▶ What is being asked
I would like the lines below, from the one with "عکس پایان حمایت" through the one with "Santa Cruz Fire Dad Cap - Black", copied exactly and without any pictures.

▶ The input
*** Block opens ***

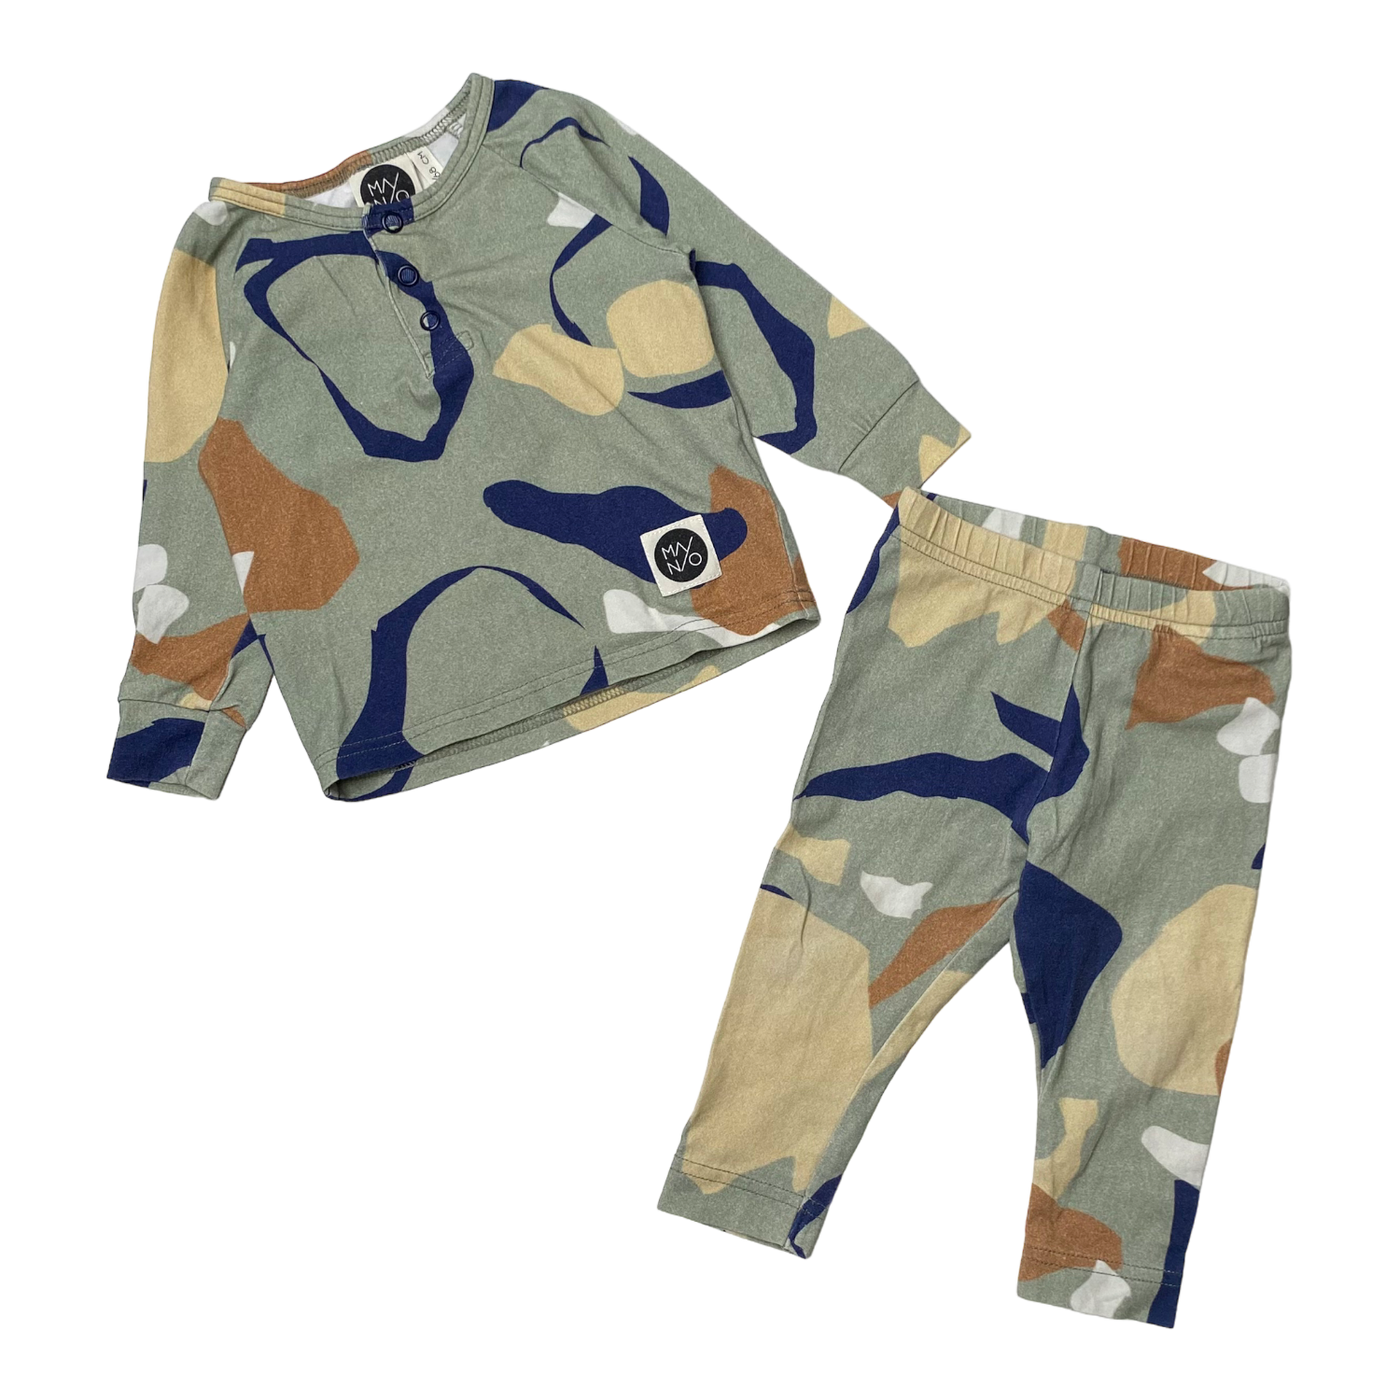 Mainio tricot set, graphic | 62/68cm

*** Block closes ***
*** Block opens ***

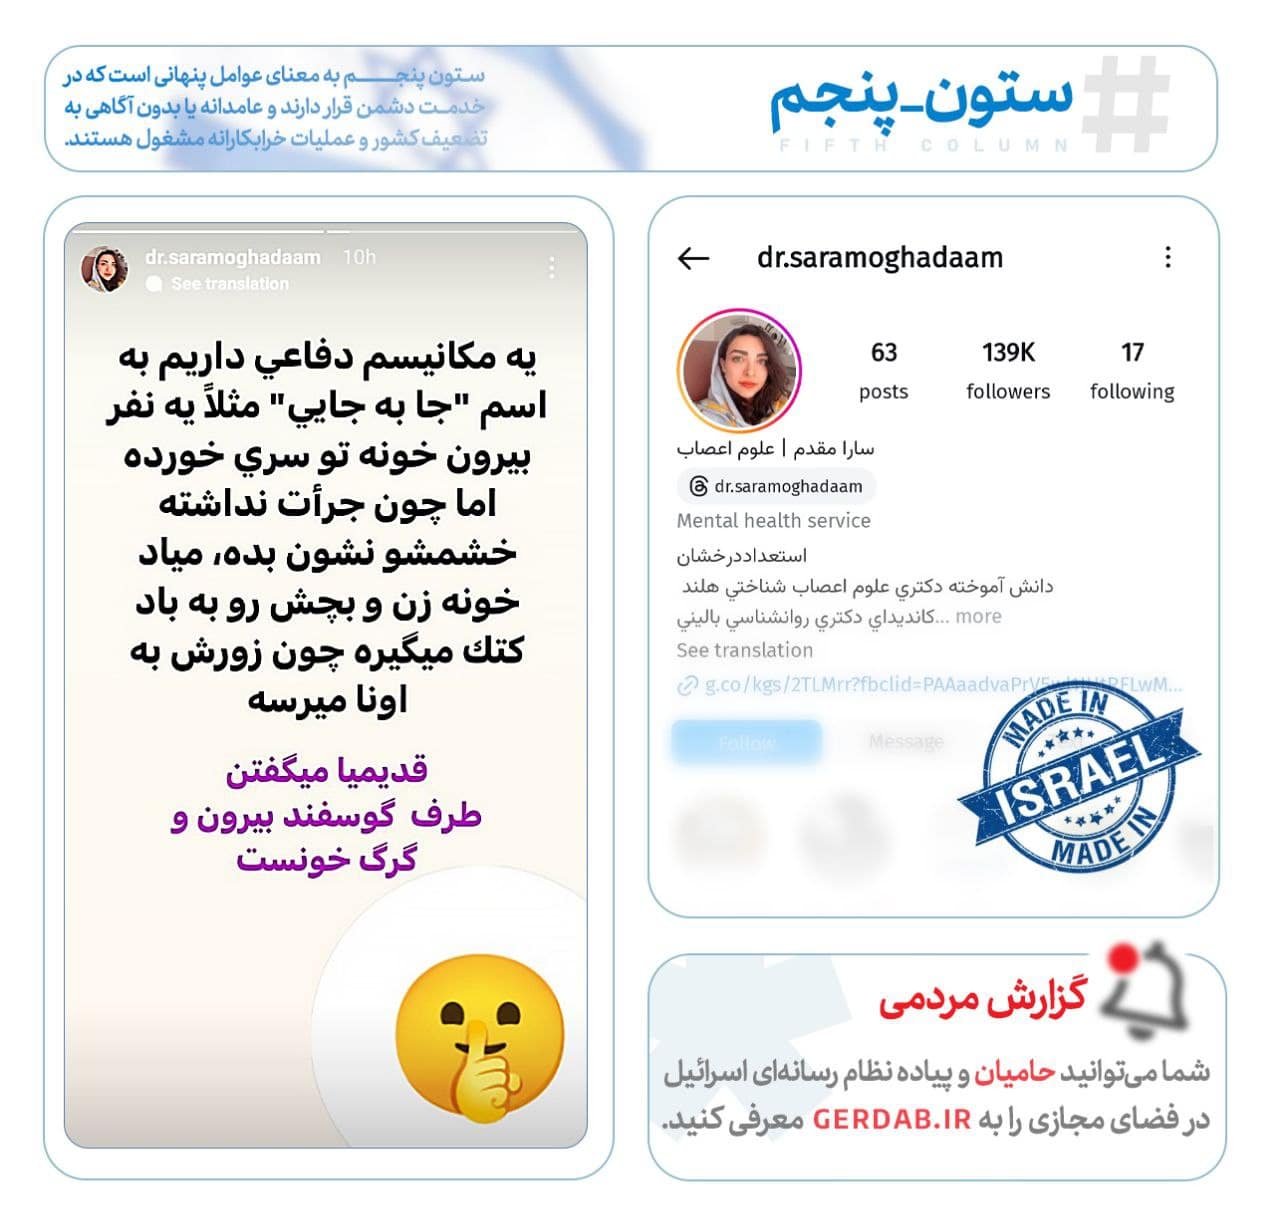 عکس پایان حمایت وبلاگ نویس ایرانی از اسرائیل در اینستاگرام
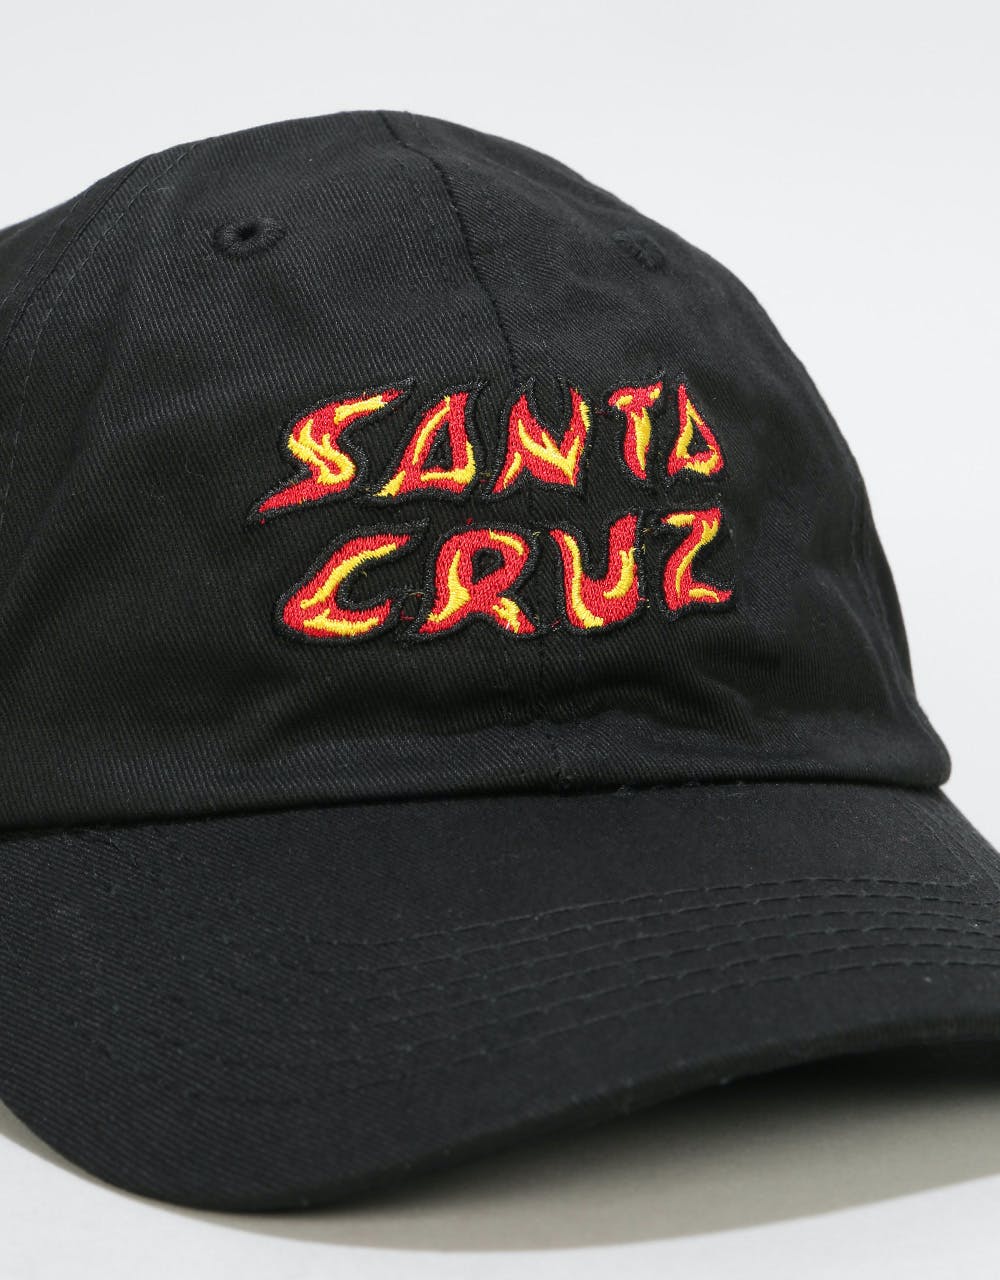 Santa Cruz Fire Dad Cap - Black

*** Block closes ***
*** Block opens ***

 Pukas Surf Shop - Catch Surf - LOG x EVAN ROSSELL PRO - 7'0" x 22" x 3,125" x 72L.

*** Block closes ***

▶ Answer box
 عکس پایان حمایت وبلاگ نویس ایرانی از اسرائیل در اینستاگرام
 Santa Cruz Fire Dad Cap - Black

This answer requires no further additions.